■ **Exercise prompt**: Please repeat the entries exactly as they appear and omit any images.
───── Records for processing
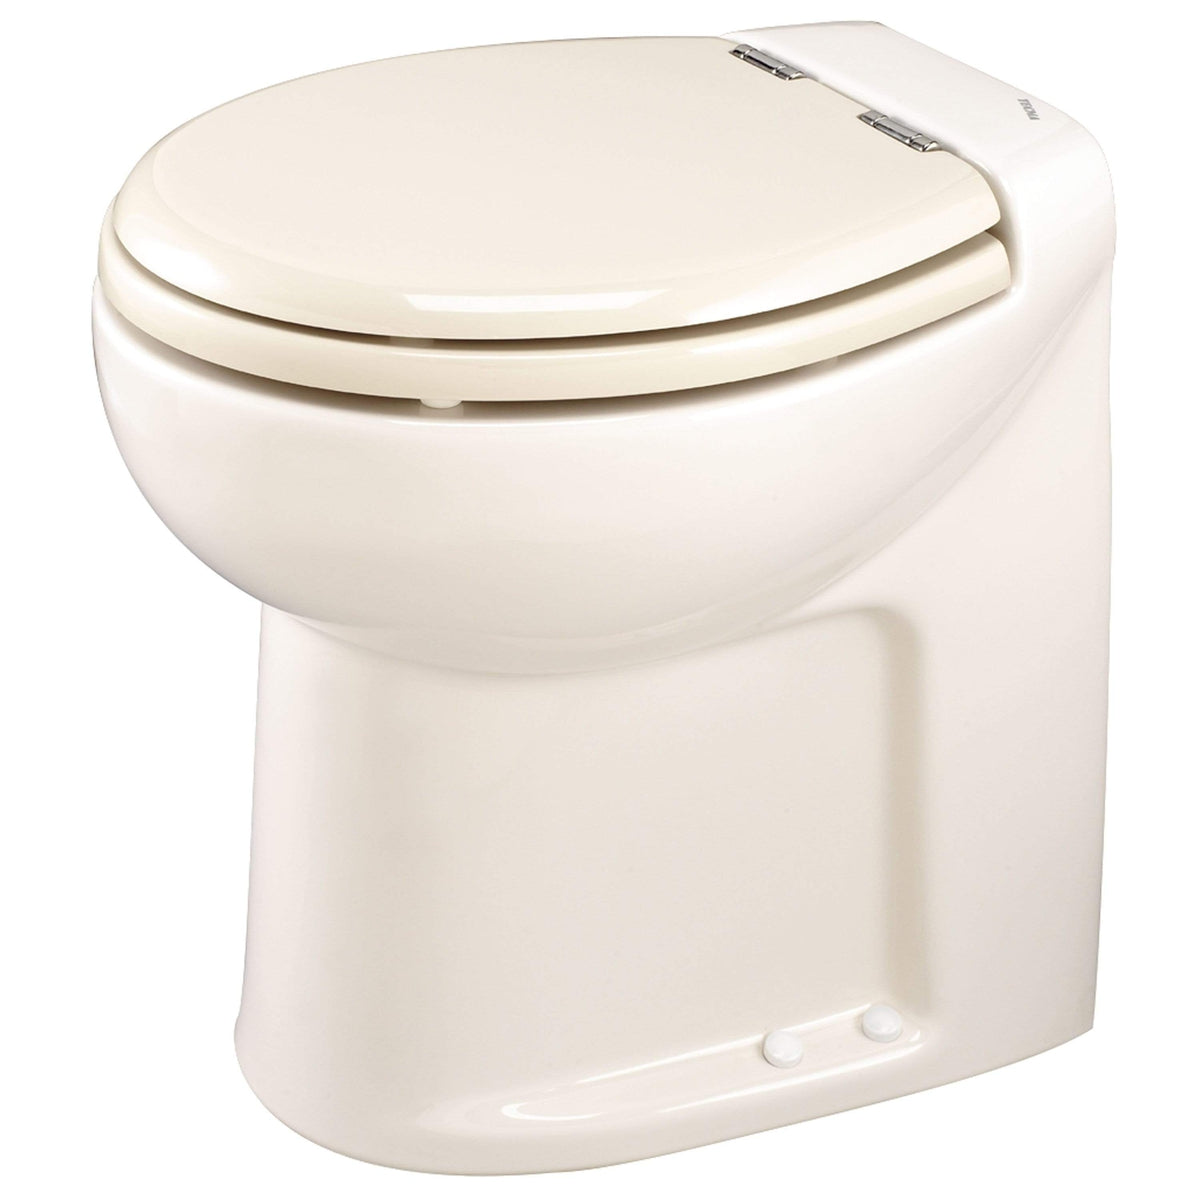 Thetford Not Qualified for Free Shipping Thetford Tecma Silence 1 Mode 12v RV Toilet White #38044
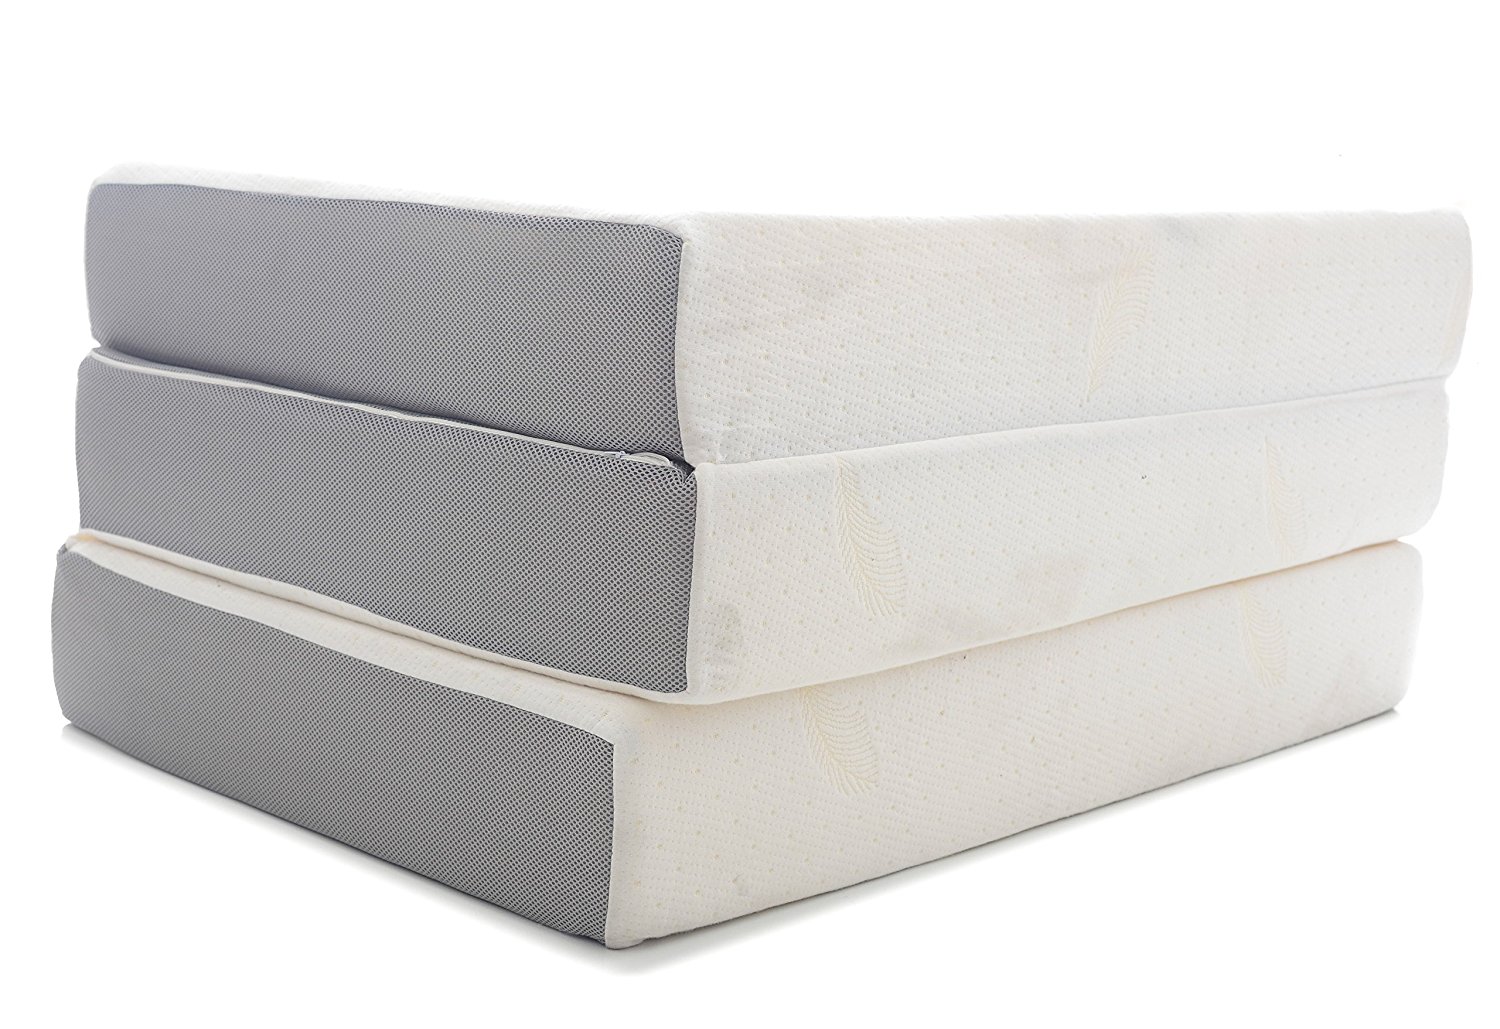 6 folding twin mattress
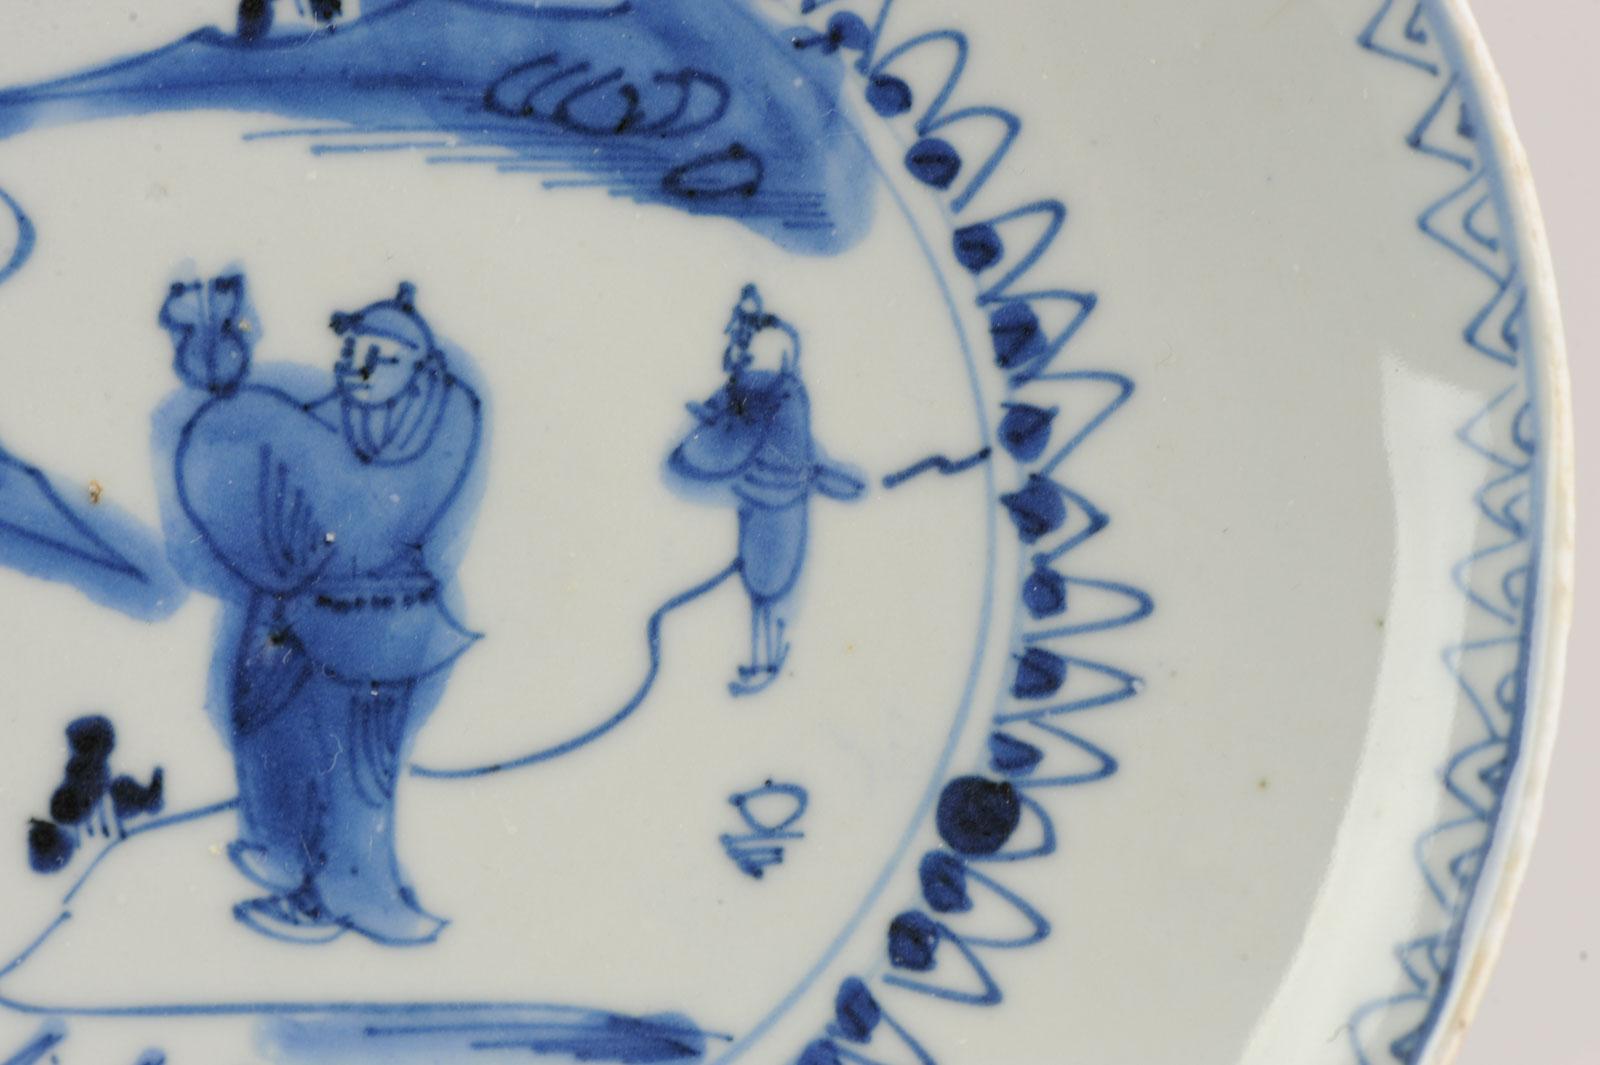 Ein Blau-Weißer Teller der späten Ming-Übergangszeit mit einem schönen und seltenen Dekor

Zusätzliche Informationen:
MATERIAL: Porzellan & Töpferei
Herkunftsregion: China
Zeitraum: 17. Jahrhundert Übergangsphase (1620 - 1661)
Alter: vor
──────────
■ **Exercise answer**:
 Thetford Not Qualified for Free Shipping Thetford Tecma Silence 1 Mode 12v RV Toilet White #38044
 6 folding twin mattress
 Ein Blau-Weißer Teller der späten Ming-Übergangszeit mit einem schönen und seltenen Dekor

Zusätzliche Informationen:
MATERIAL: Porzellan & Töpferei
Herkunftsregion: China
Zeitraum: 17. Jahrhundert Übergangsphase (1620 - 1661)
Alter: vor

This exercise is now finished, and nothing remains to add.